Les enjeux attachés au projet de liaison ferroviaire Lyon-Turin sont à la fois politiques, économiques et environnementaux. Politique, il est un des maillons principaux d’un axe transeuropéen est-ouest visant à faciliter les échanges entre États de l’Union européenne aussi bien de personnes que de biens. Les enjeux environnementaux s’inscrivent dans une forte volonté de réduction des émissions de CO2 et de préservation des vallées alpines. Le projet apportera des bénéfices socio-économiques notamment pour les régions Auvergne-Rhône-Alpes, Piémont et Lombardie. Toutefois, si le développement du trafic voyageurs devrait demeurer relativement modeste, il pourrait être significatif pour le trafic de marchandises, sous réserve de décisions sur les accès en France et en Italie et la mise en œuvre d’une autoroute ferroviaire accompagnée d’une politique favorisant le report de poids lourds sur des trains.

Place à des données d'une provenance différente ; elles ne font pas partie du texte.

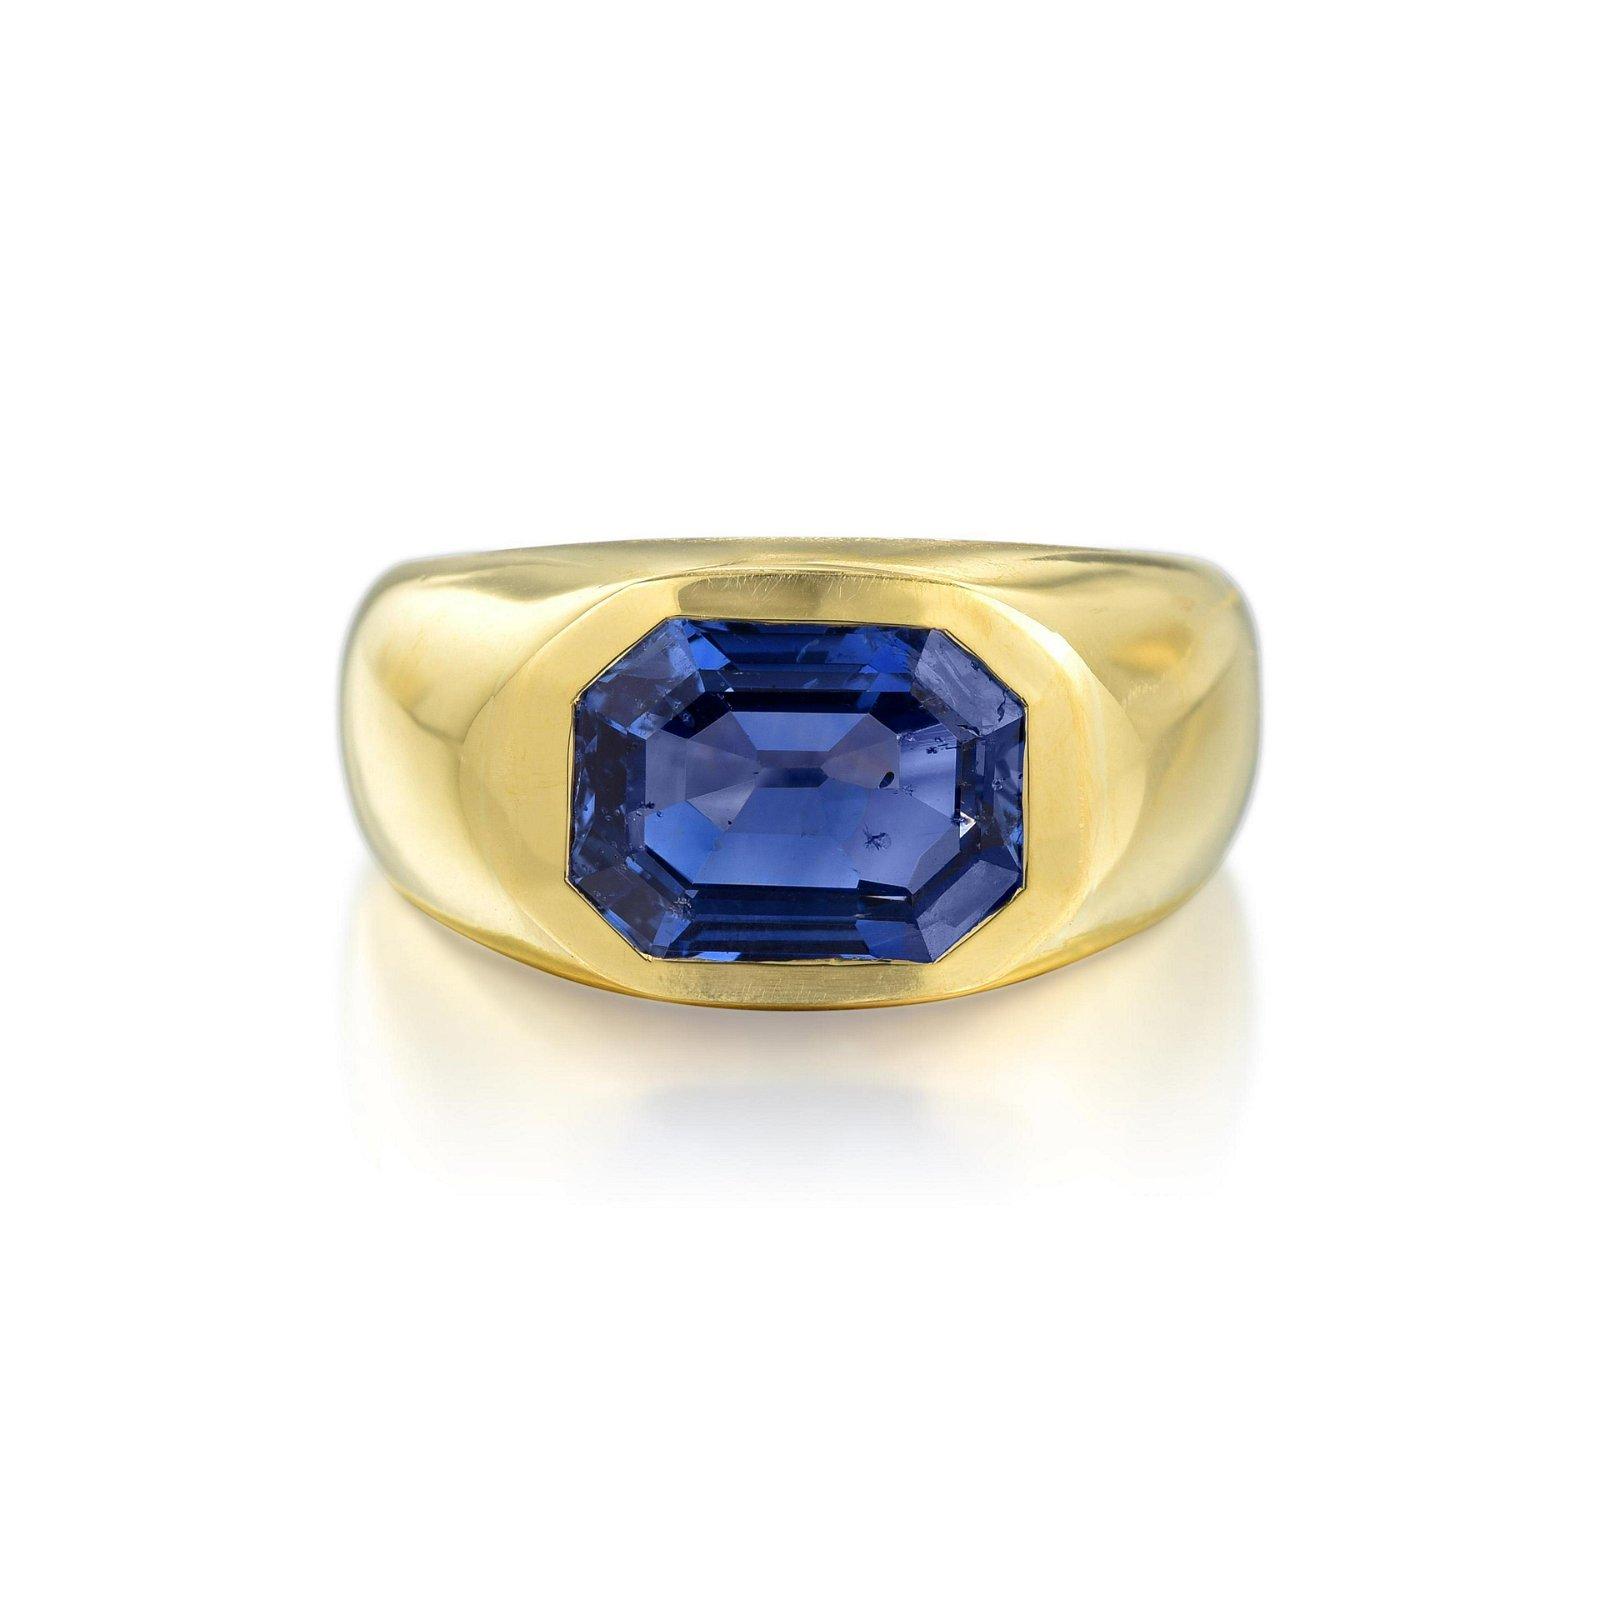 Bulgari 3.78-Carat Sapphire Ring

L’organisation, les concertations, les oppositions et le dialogue

La définition du projet et de ses objectifs, les procédures administratives, les débats, critiques et oppositions, la recherche de financements ont déjà pris une trentaine d’années. TELT, société binationale, est le maître d’ouvrage depuis 2015 chargé de la réalisation et de la gestion de la section transfrontalière de la nouvelle ligne. En France, le débat avec les territoires a été abordé lors des enquêtes publiques réalisées en 2006 et 2012. Si elle a suscité des oppositions en France, la protestation contre le projet fut plus importante en Italie. La concertation a abouti à la création d’un observatoire technique puis d’un accord en 2013 sur le projet définitif de la section transfrontalière ratifié en 2015. Le tunnel de base sera en service en 2030.

Un système de transport complexe

Ce dossier présente l’architecture générale du système de transport de la section transfrontalière entre Saint-Jean-de-Maurienne et Susa. Il traite successivement des modes d’exploitation, des particularités dues au trafic d’autoroute ferroviaire à grand gabarit, des concepts de sécurité du grand tunnel sous les Alpes puis décrit les différents équipements ferroviaires et non ferroviaires avant de présenter les futures installations de maintenance.

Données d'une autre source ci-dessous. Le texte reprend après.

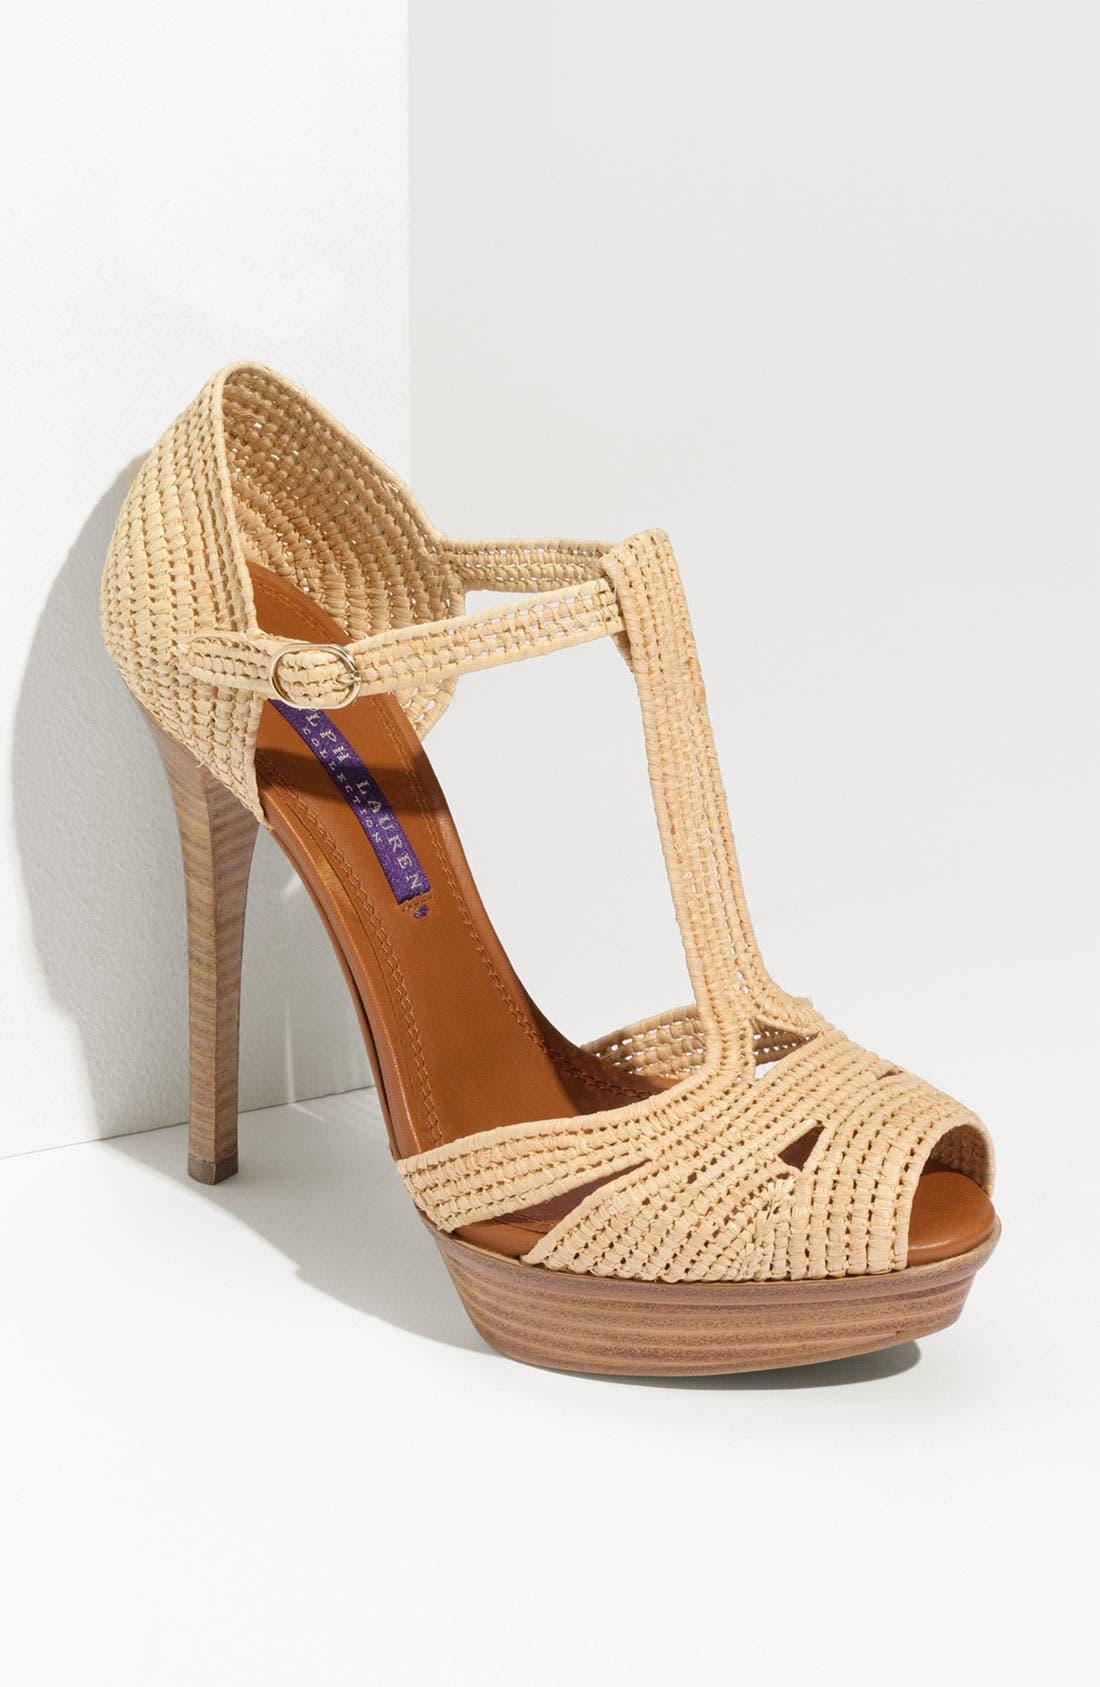 Alternate Image 1 Selected - Ralph Lauren Collection 'Jedina' Sandal

Un Génie Civil exceptionnel

Ce dossier présente les particularités du génie civil de cet ouvrage exceptionnel, notamment des systèmes de tunnel mais aussi des ouvrages à l’air libre. Il traite également des sujets éthiques, sécurité du chantier et développement durable, qui sont intégrés dans les politiques de TELT.

Les deux gares internationales

Le projet de la section transfrontalière Lyon-Turin comprend deux gares internationales, situées à quelques kilomètres du tunnel de base : à Saint-Jean-de-Maurienne (France) et à Suse (Italie). Ces deux nouvelles structures permettront de gérer les échanges multimodaux aux extrémités du tunnel de base. Les gares internationales placent les montagnes olympiques de la vallée de Suse et le domaine skiable des Alpes françaises sur le réseau européen RTE-T, à quelques heures de la plupart des capitales européennes.